Wednesday, I asked those of you in Tennessee to submit a public records request on behalf of Deadspin because ours had been denied due to a chilling and arbitrary law limiting records requests to Tennessee residents only. I wanted copies of Tennessee's communication with Nike, because the university's controversial ditching of the name "Lady Vols" has swooshprints all over. A whole lot of you responded and submitted requests for us. Thanks so much for the help! But did Tennessee even bother reading all the requests you sent? I'm almost certain the answer is no.

Some said they used the language I had submitted exactly, which asked for this:

... copies of all documented communication between the Office of Communications & Marketing, the Athletic Department, and Nike. This request includes and is not limited to emails, letters, memos, proposals, and text messages. This request covers a time period from Jan. 1, 2013, to today.

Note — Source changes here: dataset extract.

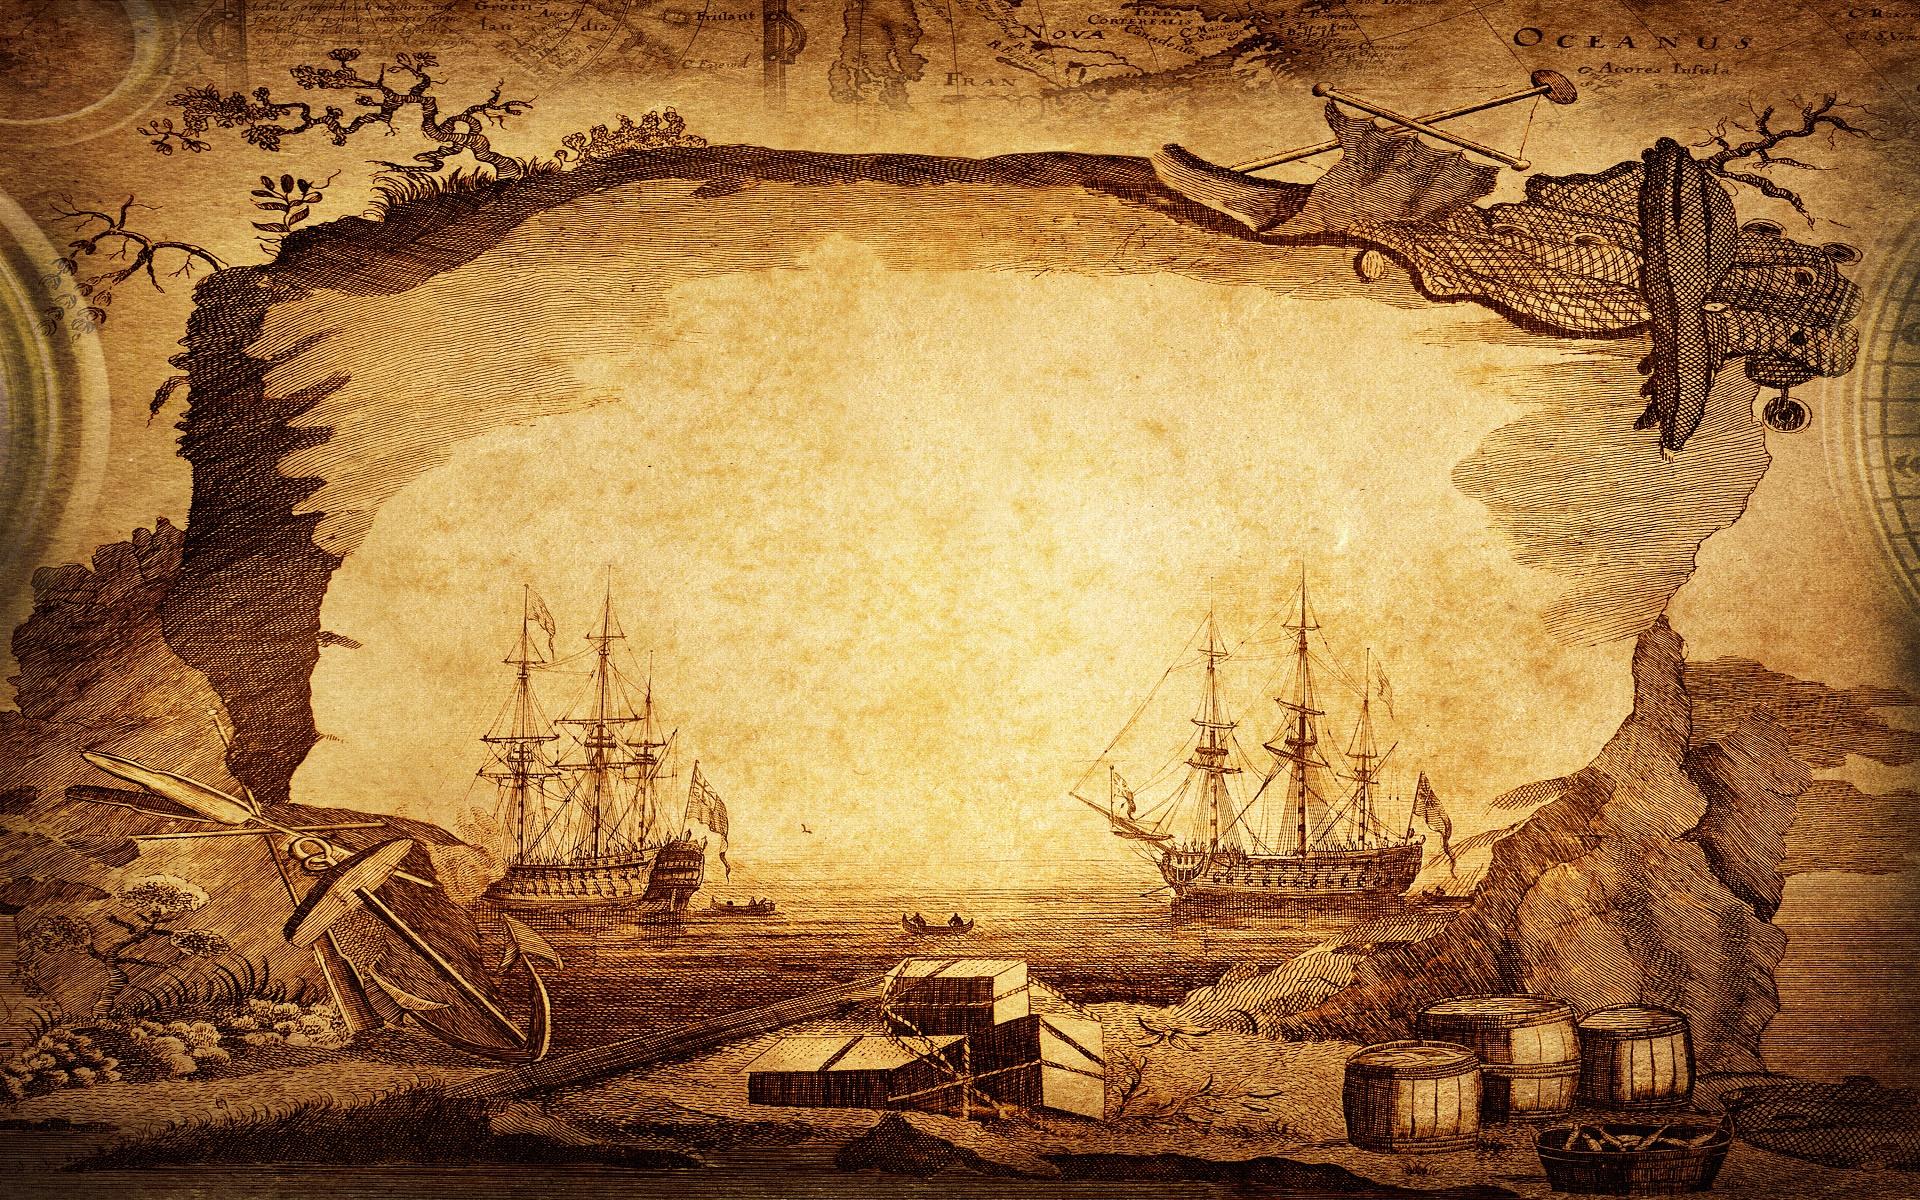 Hình nền đẹp cho Powerpoint chủ đề lịch sử

At least one person said he included the language suggested by former Deadspin writer Doug Brown to narrow the search, which asked for "all emails, with attachments, containing the term 'nike' sent to and sent from the following University of Tennessee employees since 1/1/2013: [AD administrators], [women's basketball staff], [apparel person], [university comm./marketing people]."

Everybody got the exact same answer: a copy of the Nike branding audit and nothing else. Not a single email. Not one text message. Not even a lonely memo, draft, or letter, a return that ignores what we asked for and goes against what logic suggests is the mountain of paperwork generated when a billion-dollar university system interacts with a billion-dollar company. There are only two ways this is possible:

  1. Nike intentionally conducted all business with Tennessee only over the phone or in person, specifically to keep everything out of the public record.
  2. The University of Tennessee is telling us to go fuck ourselves.

Both of those options are disturbing! Either way, UT is laughing in the face of the entire concept of public records—allowing us to see what our government agencies, and recipients of our tax dollars, are up to.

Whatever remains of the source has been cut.